88% hatch rate with homemade bator AND first hatch!


9 Years
10 Years
Jan 24, 2010
Northeast Florida
I am delighted to say I got an 88% hatch rate on my very first hatch AND did it all with a homemade bator. I sadly lost one chick and am not sure why. It was fully developed, but never managed to pip.

I used a Sterlite container for the bator and a bottle lamp kit.






Great job! Congratulations on your new chicks! I know you only lost one chick - how many hatched?

I'm on my first hatch with an incubator and my incubator is homemade too. I'm on day 19 and sure how I get good results like you did. My VERY first hatch was last year with eggs I purchased and set under a broody hen.
Wow, that is awesome!
Show us more about your incubator. Air holes, what is the clear part on top? what is a lamp kit? how did you put it togehter inside?? Sounds like it did an awesome job of holding humidity, better than styrofoam might.
Were they shipped or home grown eggs?
Thanks everyone! I had 13 eggs. 8 hatched out of 9 fertile eggs. 4 were not fertile.

The bator was cheap and easy to make. I did have some issues at first, but it was my fault. There are some things I would change about the bator and it would make humidity levels work even better. As it was, my water dishes were too shallow, so the water dried out quickly. A very kind BYB member told me to add paper towels to help hold the moisture and it worked like a charm! However, if I could redo it I would raise the lightbulb and add deeper water dishes of the same L x Wdimensions as the shallow. I would also add a full wall of mesh wire instead of the half wall I did. The chicks tried to climb it!

Anyhow, I used a small Sterlite container. I cut out a window for the top and used an old picture frame glass for the top. I cut out a hold in the side to slip my hand into so that I could turn the eggs without letting out a lot of heat/humidity (this feature worked GREAT). I made insulation for the turning flap with clear tape and left it hanging in the door. Then, I re-attached the piece I cut off as the actual flap. This way, when I reached my hand inside, I still had plastic tape surrounding my hand and holding in the heat/humidity.

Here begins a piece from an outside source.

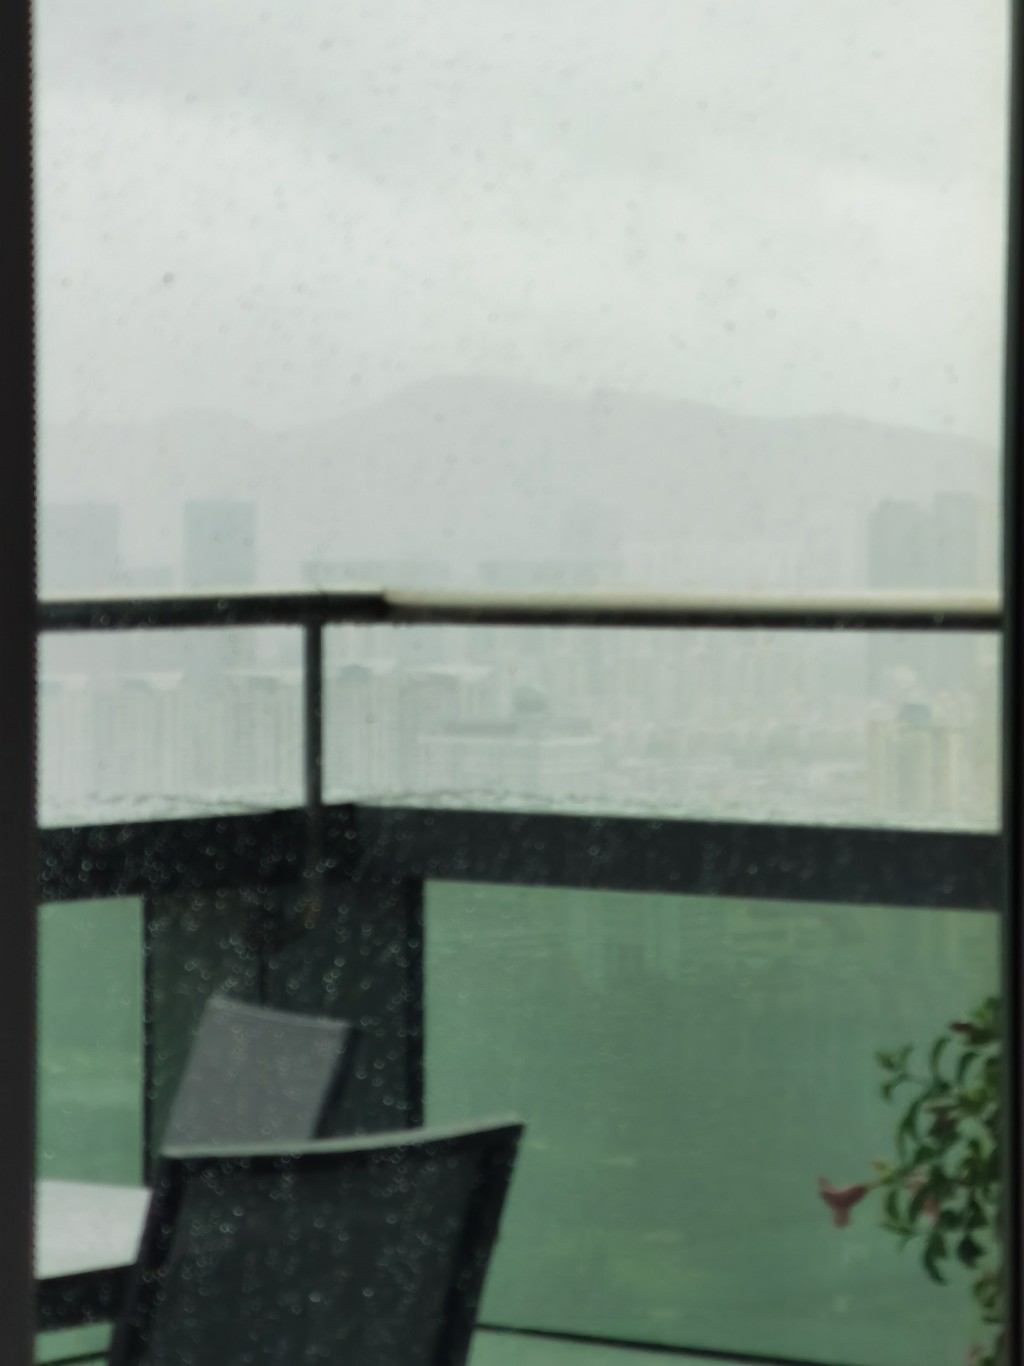 有网民贴出深圳的天气。

Inside, I lined the bottom with mesh/rubber shelf liner. I added a half wall of aluminum foil around the lightbulb to prevent direct heat. I also added a wall of aluminum foil along the opposite side for insulation and to help stabalize the heat. I added my water dishes under the light bulb.

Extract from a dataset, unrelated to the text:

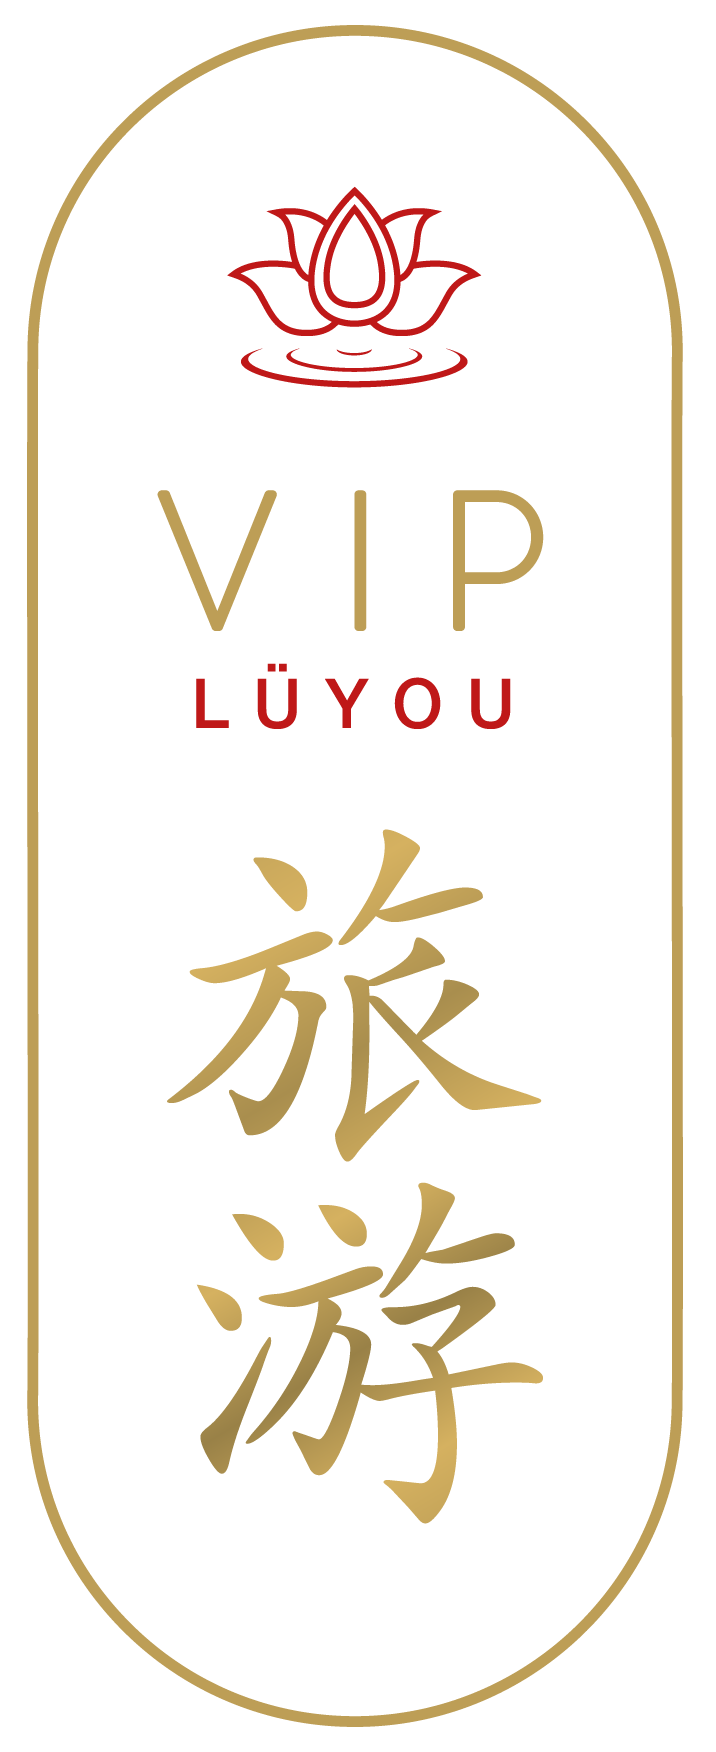 VIP Lüyou S.L.

The bottle lamp kit can be found at any Wal-mart or hardware store. It's $5 and is basically a socket for lightbulbs. Someone from BYB suggested a dimmer switch, also found at Wal-mart, that plugged into the actual lightbulb and allowed me to precisely control the temperature.

I did have a few temp issues at first, but that was because the bator was under a draft. As soon as I moved it out of the draft, the temp stabalized without issue.

Best of all, it is EASY to clean since it is plastic

Here are more pics.

This is under the turning flap:

Turning flap closed:

Direct inside view showing the half bulb and light from the bulb:

This is the back wall with the added foil wall (the temp was down because I had the top off while getting ready for lockdown)

Oh, almost forgot. It held 13 eggs easily. I probably could have squeezedin one or two more. So, great incubator for small hatches!